Церковь я не знал. По-настоящему только Пасху слышал. А потом… 7-й класс мне не дали закончить, потому что узнали, что я верующий. Сорвали с меня крест, там безбожники были. Я, конечно, слава Богу, не отказался от веры. Власти следили, где мы собираемся на молитву. Безбожники мучали всех верующих, не только меня. В нашем классе крещёными были 30 человек, все с крестами. Заставляли нас снимать крестики. И это постоянно было.

В 1961-м году начались хрущёвские гонения. И нас, верующих из этой деревни – 20-25 человек, отправили в ссылку в Иркутск. Моя мама, мамина сестра – вся семья отправилась в ссылку. Везли нас как преступников. С нами везли убийц. Помню, в Чистополе в самолёте наручники надевали. И так из Татарстана до Иркутска мы ехали полгода. Вот так.

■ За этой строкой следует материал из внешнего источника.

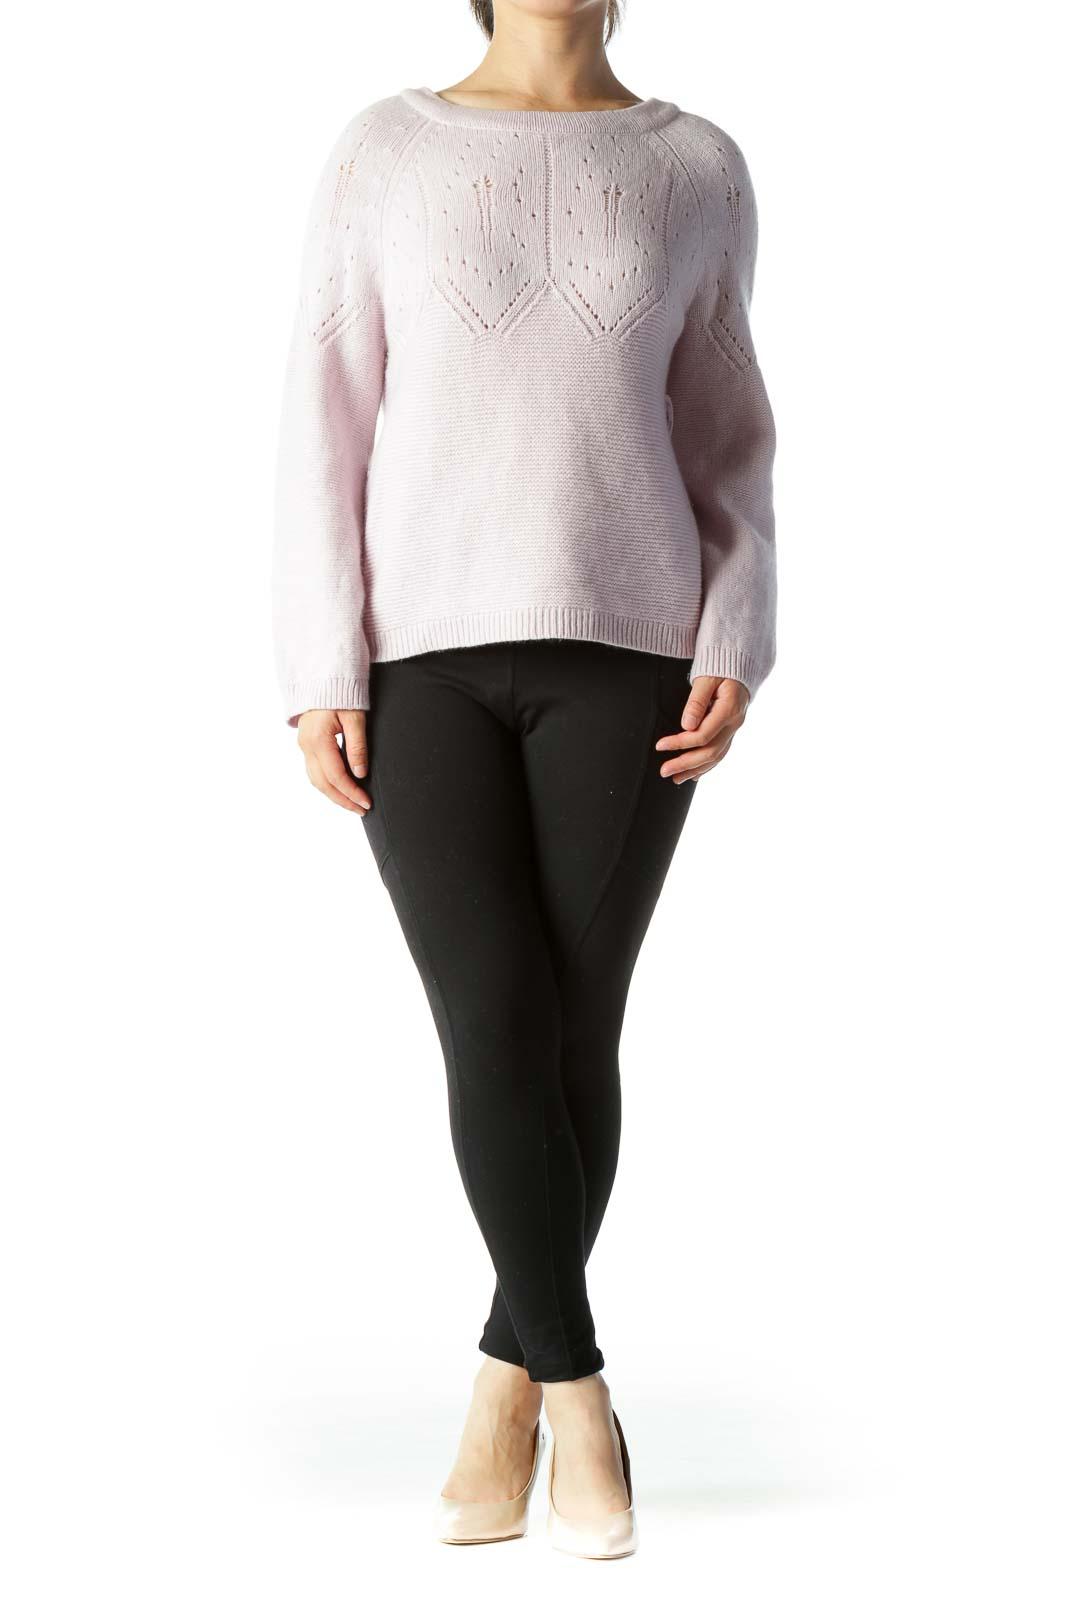 Light Purple Round Neck Design Knit Back Knot Sweater

И вот вспоминается, едем в поезде. Рабочий поезд для тюремщиков. Давали нам по 300 грамм хлеба и очень солёную рыбу. И со мной попали там двое верующих людей. Я же ещё тогда по-русски по-хорошему не знал. Эти пожилые люди мне всегда помогали. Что мне делать, как мне поступать, что сказать. И вот они мне говорят: «Смотри, – говорят, – Коля, не кушай рыбу солёную. Вот хлеб кушай, и всё». И действительно, потом, как поели, воды не дают. Все солёную рыбу покушали, а воды нет. Целый день до вечера. Бедные, мучаются люди. Мне, слава Богу, подсказали люди, так мне легче было. А потом принесли воды – пей сколько хочешь. А в туалет не пускают. И тоже… Бедные там уже пожилые… Не могли терпеть. А что делать? Ну, таким путем доехали до Иркутска. Были в таких городах: Екатеринбург, Омск, Новосибирск, Красноярск. Где месяц, где два находились. Потом приехали в Иркутск уже. И нас привезли в тюрьму. Было нас человек 60 и две машины: милицейская закрытая и автобус.

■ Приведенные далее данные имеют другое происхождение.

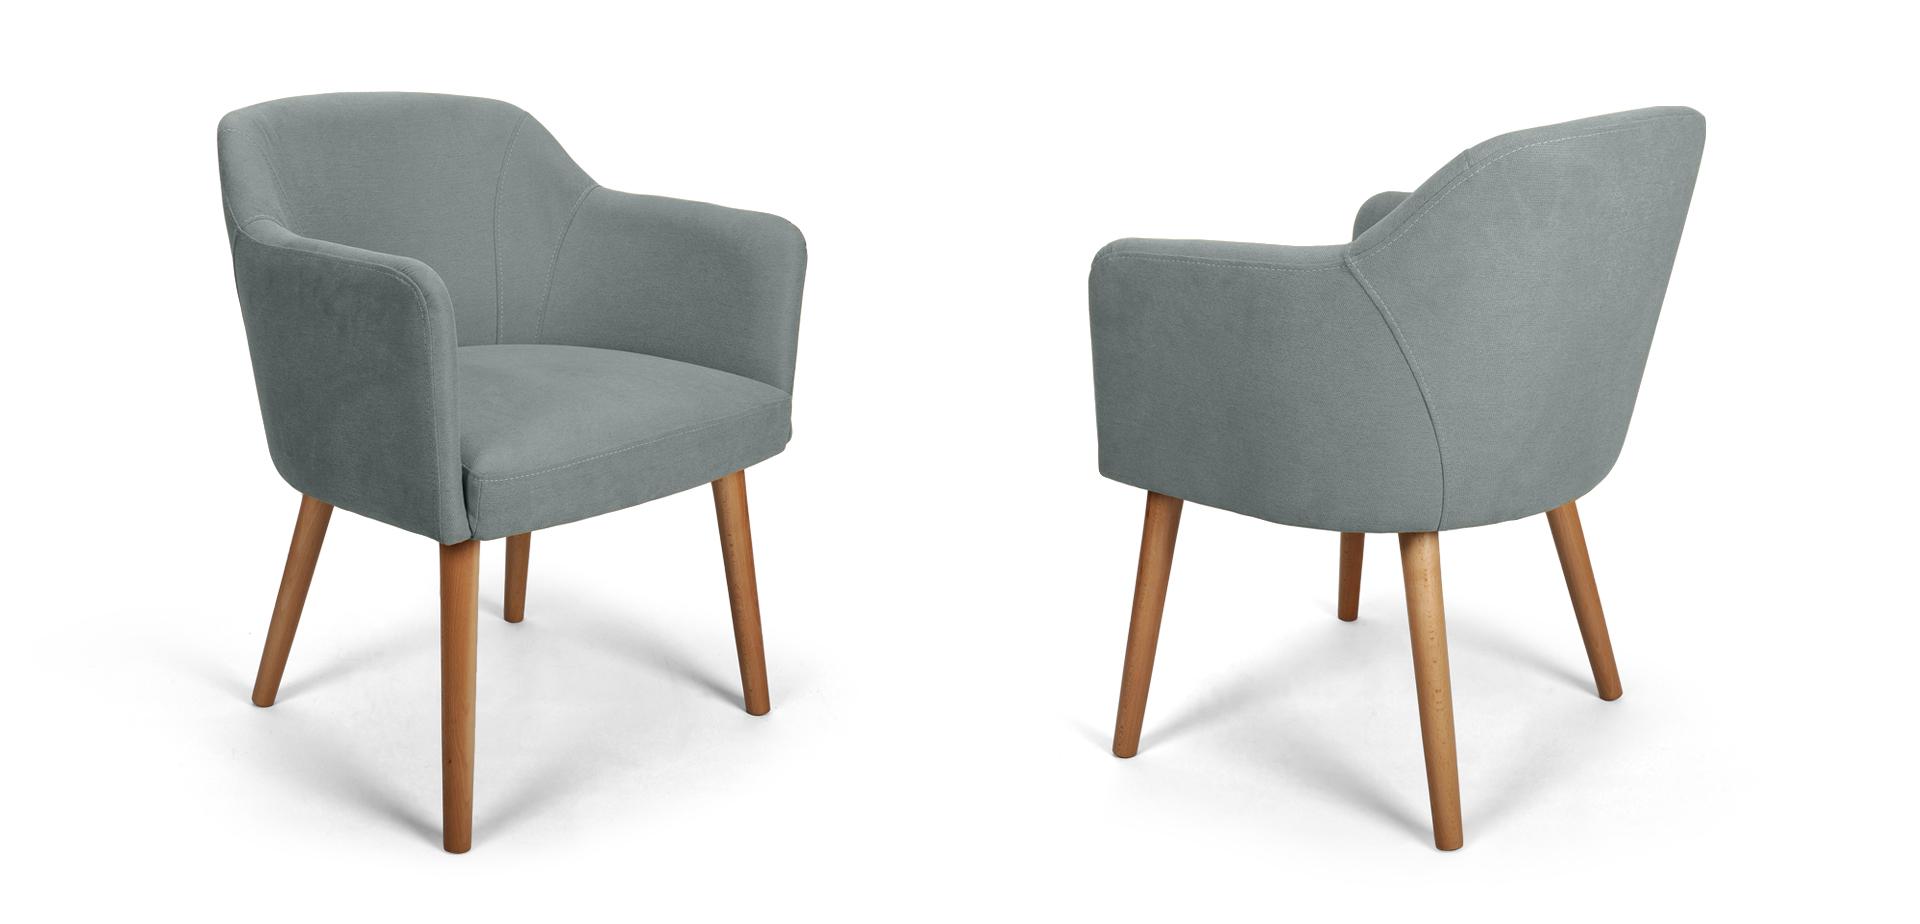 sofia-scaun-01.jpg

Затем нас повезли до города Осы Боконского района. Привезли туда. Самая крайняя деревня – и там уже начинается тайга. Работали мы в лесу. Как-то спросили, есть ли плотники. Я плотником работал уже, молодой был ещё, и записался в плотники.

Нам определили один район, за пределы которого мы не должны были выходить. А если нарушали этот закон, тогда определяли в тюрьму на год. Затем возвращали обратно в район, а в срок отбывания в ссылке не засчитывали это время. Так что все сидели, работали. Каждый месяц приезжал проверяющий, проверял нас. Проверяли нас постоянно, все ли на месте.

Вот один раз меня комендант спрашивает, откуда я, что да как. «Верующий?» – Я говорю: «Да». Он как начал меня материть, ругаться. Бурят был по национальности. – «Я, – говорит, – научу тебя, как молиться!» Конечно, я говорю: «Господи, помоги». Думаю, сейчас будет искушение. Такой злой был! И потом… Месяца два-три, наверное, прошло, и его сняли, слава Богу, поставили другого. А другой был из Казани, татарин, мой земляк. Ну, он уже, конечно, уважал, жалел меня. Он уже жил прямо в этом селении, где мы жили. Он каждый день нас видел, как мы работаем. Меня тогда уже, слава Богу, никто не обижал. Деньги нам платили, и была возможность самим себе покупать, что нужно. Вся наша бригада жила в одном доме. Сами варили, сами работали. Приходит этот начальник один раз и говорит: «Чем тебе помочь?» А я говорю: «Чем мне помочь? У меня всё есть, слава Богу. Но, вот у меня мама, – говорю, – в Тайшите находится. Вот мне надо маму забрать к себе». «Помогу», – говорит. Оформили документы, всё сделали. Я поехал в Тайшит за своей мамой. Приехал в лагерь, где она находилась. Говорят: «Она убежала. Её нет здесь, в лагере». Я говорю: «Как же это?» Ну, всё, выгнали меня. «Иди», – говорят. Ещё раз пришел. Опять меня выгоняют. Мамы, сказали, нет, она убежала. А куда мне деваться? Зима была, уже темнеет. Я пошёл на вокзал. Пришёл на вокзал. Где-то купил хлеб. Перекрестился, сижу, кушаю. Приходит уборщица. Говорит: «Вы откуда? Куда идёте?» Ну, я рассказал ей, вот так и так, ищу маму. Она мне говорит: «Вчера женщина сидела, плакала. Я её взяла себе, может, она?» Пошли к ней домой, действительно, моя мама! И потом пошёл в лагерь где она находилась, оформили документы. Забрал маму, поехал в Иркутск. И вот пять лет мы с мамой жили в одном месте, слава Богу. Благодаря новому начальнику. Плохо было. Церкви не было нигде. И я ничего не понимал. Какую знал молитву, ту и читал. В нашей бригаде плотников были одни мусульмане, я один кряшен[1]. Но язык-то одинаковый, друг друга понимали, они меня не обижали.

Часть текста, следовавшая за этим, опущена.